Try to step back and see how childish it all sounds.
We are aging. In another 10 years our numbers will be drastically reduced by various causes. Death, dementia, hearing loss, income loss, home loss, and loss of interest are all taking their toll gradually. I was born in 1947 and I've noticed that maybe 15 - 20% of us are older than me. If statistics are to be believed I'm near the front of the baby boomer curve. But the audiophile curve trends toward a higher average age than boomers. I'm guessing our greatest population bulge was born in the 1950s sometime. So, just do the math and read the obits. This thing is closing down. The surfeit of used audio gear will cause ridiculously lopsided supply/demand ratios and paralyze the market for new gear.
Personally, I'm about a sneeze away from going all digital and ditching the expensive gear I use and hoard. Times have changed and I am stagnating in my reluctance to change with them. How about you?
Frogman - You seem to be conflating two topics here. Just as spirituality existed for centuries before churches co-opted it, so too did music exist for eons before electricity enabled the music industry. The beauty and majesty, the spiritual uplift, that you treasure in your music does not depend on electronic conveyance of a type or quality. It emanates from the human spirit and cannot be suppressed by opinion, data or my presentation of statistical inevitability.

I've often wondered if our pursuit of an ever greater high in listening to and striving for rapture amounts to anything more than trying to capture the high without the drugs. Marijuana played an enormous role in the birth of hi-end audio mass consumption and will (if anything can) be instrumental in its revival.

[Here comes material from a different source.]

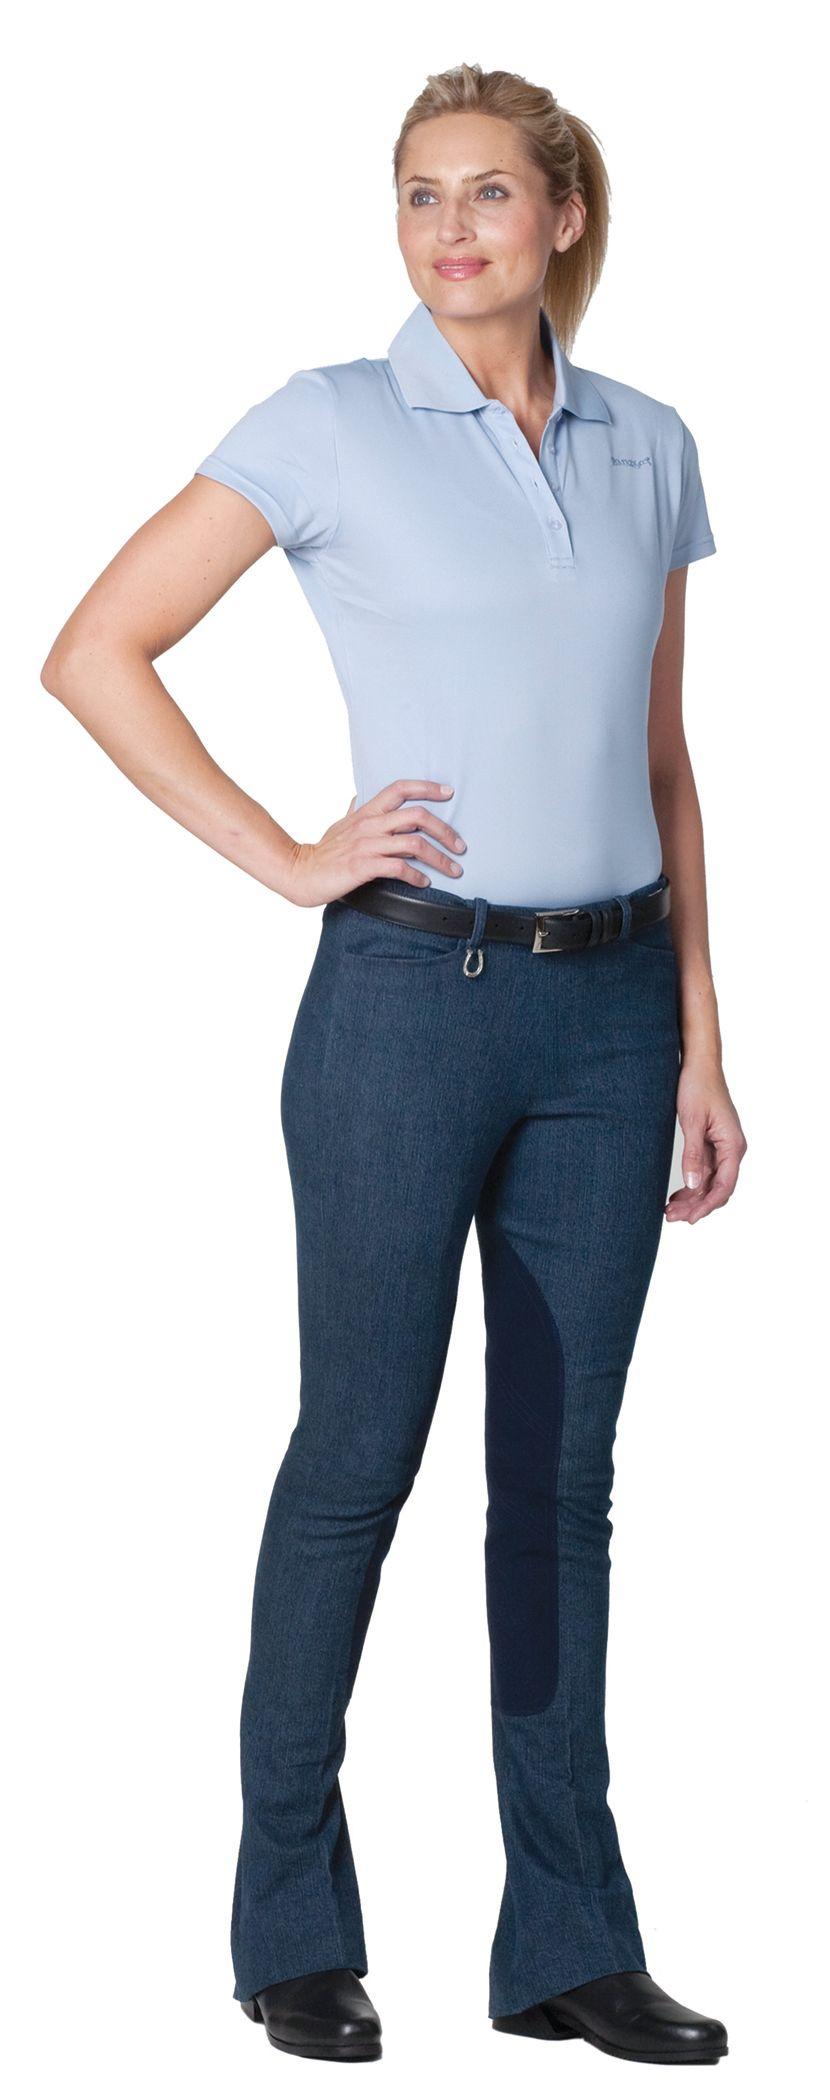 Ovation Ladies Side Zip Lucky Brand Denim KY Jodhpurs

Insofar as press reports indicate that headphones are the only segment of the audio hardware biz that is growing, I have to speculate that the future of music enjoyment will be more personal - just as the pursuit of spirituality trends that way. As pot gains wider acceptance, maybe, just maybe, it will return to stoned listening circles something like we formed back in the day. More likely, in this computer age, it stays portable and private. Cans and wax are the future.
We are history. We played a damned important part, though. Look back at how much of the 1960s era social change has come to fruition and how much is just unfolding. Our society will never learn to think. That doesn't prevent the human spirit from doing the right thing in spite of itself and the meddling of religions.

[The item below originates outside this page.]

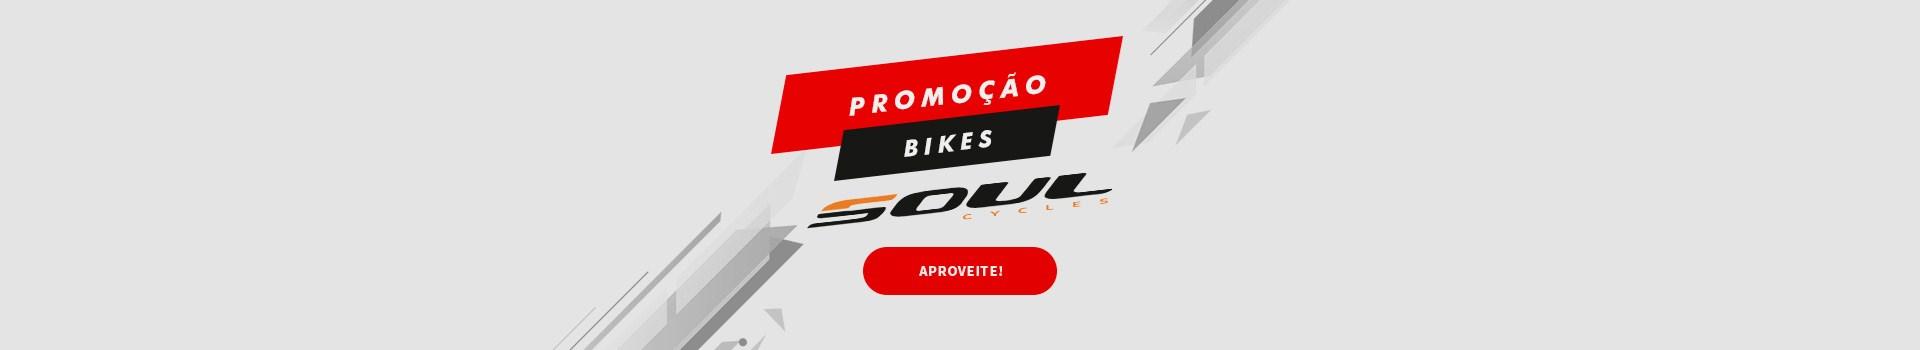 Promoão bikes Soul

That's whatI'm celebrating today, the 4th of July.
Children are more qualitatively than quantitatively driven. Recognition of quality comes into thinking and evaluation as an individual evolves from child to adult. It is wrong to believe that adulthood is met at a scheduled time threshold like age 21. Some individuals are precocious enough to perceive a qualitative hierarchy early in life and most (Americans, at least) never seem to develop this ability.

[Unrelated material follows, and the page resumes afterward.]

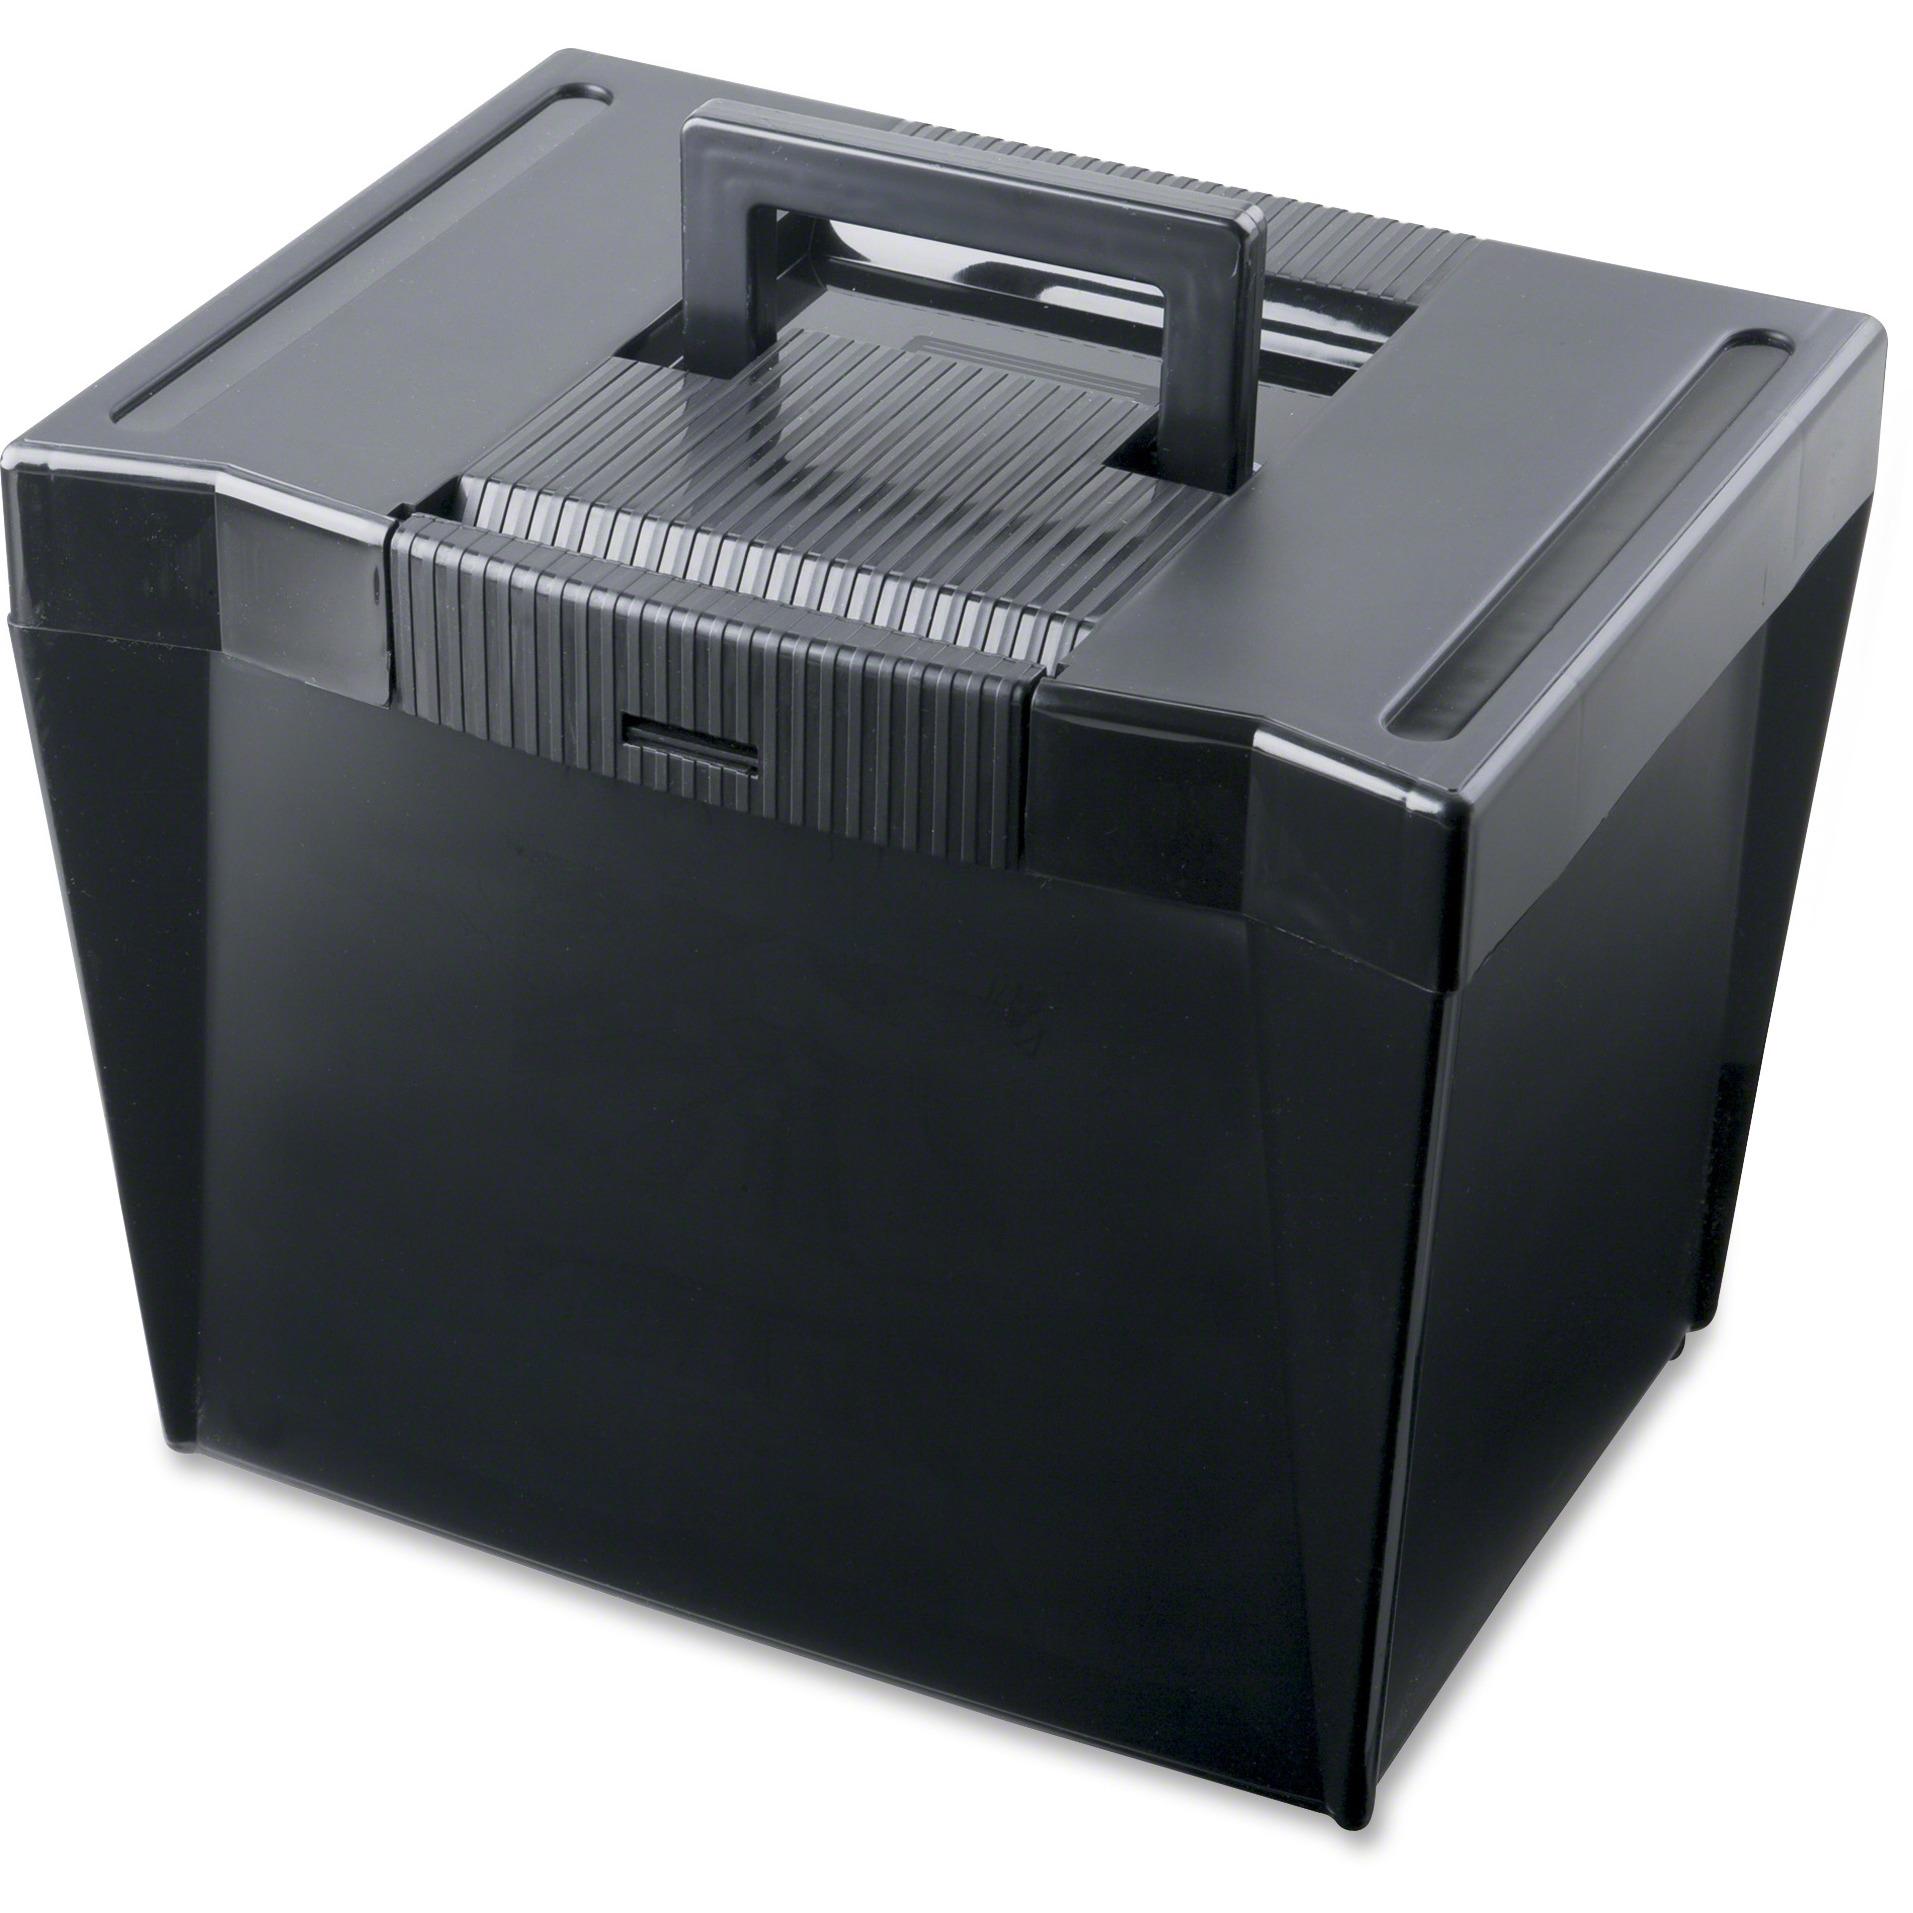 Portable File Storage Box, Letter, Plastic, 13 1/2 x 10 1/4 x 10 7/8, Black

All of this leads to the fact that the majority of us just don't comprehend differences in quality. The much heralded "dumbing down" that I see taking place is demonstrated by reality TV, movie quality and theming, rap, and numerous other social indicators. We are devolving through compromised education and over-control of the marketplace and media. As a result, education which used to develop the individual into a fully functioning mature person, now reaches very few effectively. And since an ever fewer number of us can perceive genuine quality any longer, the marketers are taking over and obsoleting the engineers. The product offerings contain less material and more fantasy all the time. We are forsaking substance for appearances as a society and our buying habits are slowly being altered to satisfy ever larger profit margins. This will not end well. The products are ephemera in both utility and durability and the landfills are topping out with this gradue. But we are dumb, fat and happy, fa la la la la la la.
Please see a film called Idiocracy.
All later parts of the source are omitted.